McKee is located in Vero Beach, Florida. It isn't quite as tropical as the Fairchild Botanical Gardens in Miami, but the massive banyan trees and naturalized orchids should be enough to tell you that the tropics are right around the corner. I could see where the most tropical orchids and trees had lived before the harsh winter reared its ugly head, but I had to look hard to see any signs of a struggle. Everything was blanketed in green as quickly as a snowstorm would blanket a garden up north, but I knew better. I had to listen to the plants' stories.



Relatively cold winters withstanding, there were still plenty of epiphytes around to interview. When pressing them for details of their brush with death this winter, they often hesitated as their minds became flooded with uninvited memories.

A dendrobium who wished to remain anonymous openly wept as her memories thawed. "I'm sorry. I'm not crying... it's honeydew secretions from the scale insects, that's all. I'm glad this is happening. It's good to..." She trailed off. "It's good to get closure, you know? I'm lucky to be alive."

Encyclia tampensis didn't need much provoking. "Oh, God. It was awful. I'm tellin' ya, cattleyas and oncidiums just droppin' from the trees left and right, like whiteflies hit with a fumigator. I'm checkin' out this pretty face across the path, blooming for the first time with her whole life ahead of her. Then it got dark and the air got real still, and cold too. I was freezin' my ass off I tell ya! Anyways, so I hear this screamin' all over the garden. It was so gawdawful, like listening to..."
"Go on." I coaxed, "It's okay."
"I woke up and everyone had melted. Like that Edvard Munch painting 'cept the screaming had ended and they just hung limp, still clinging to the branches. The sweetheart across the way was... I'm sorry. I gotta photosynthesize and stuff, man. Could we just wrap this up already?

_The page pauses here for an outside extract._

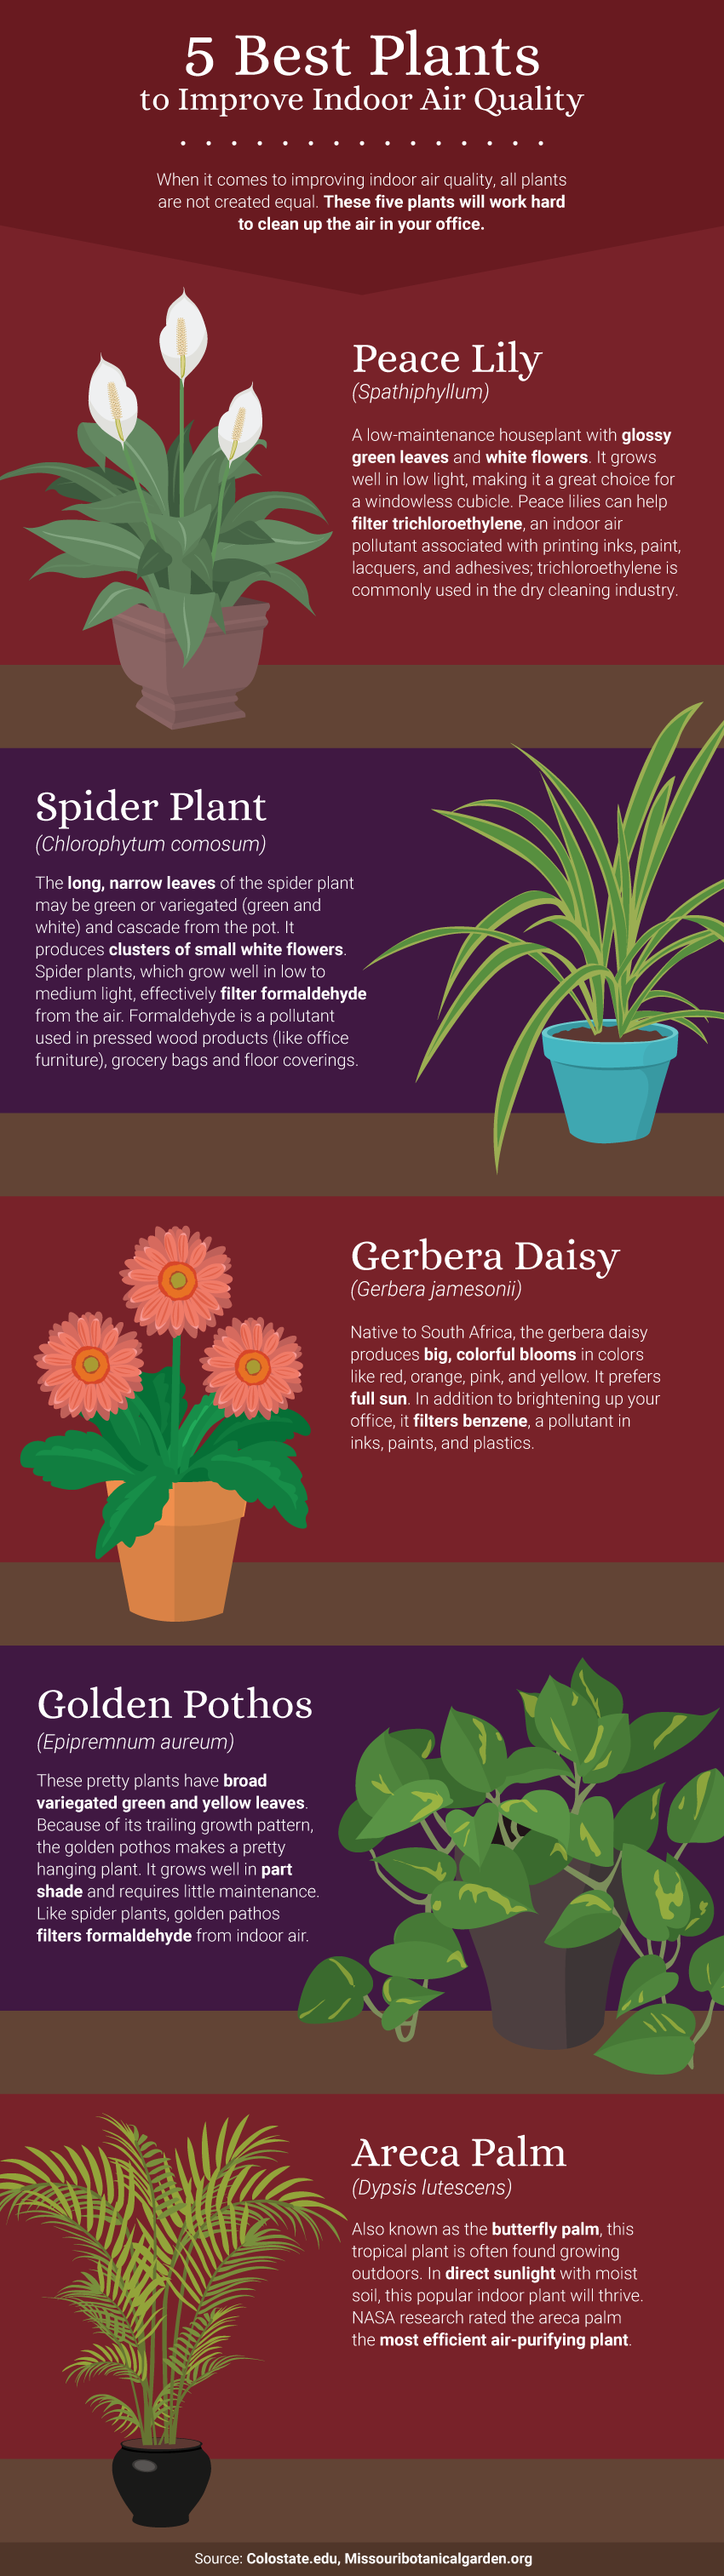 a chart detailing the five best plants that improve indoor air quality: peace lily, spider plant, gerbera daisy, golden pothos, and areca palm

There were cattleyas lounging on on a stone wall, oblivious to the carnage that took place only months ago.
"OMG! Are you here to take our pictures?" said one cattleya, arching her stem to offer a better view of the rosy flowers.
"Were you here during the freeze last winter? I'd like to ask for a minute of your time."
They all looked baffled. One piped up. "I don't think he speaks English! Does anyone know what freeeze and win-tor means?"
The other orchids chattered about my vocabulary before changing the subject. "I dunno, but it sounds totally LAME!"
"This guy's boring."
"I know, lets have a pollen fight."
"Win!"
"I'm so glad we all decided to ditch the wood and become lithophytes!"
"Hey, does it feel a little cold or is it just me?"
"What's cold mean again?"

I asked the nearby bromeliads for their story, before being interrupted. "Shh! We've been eying that wall for years! Just let them get complacent with the current climate and we'll buy up the property at rock-bottom prices after their bubble bursts."

This palm canopy is being tested as a protective measure against frost.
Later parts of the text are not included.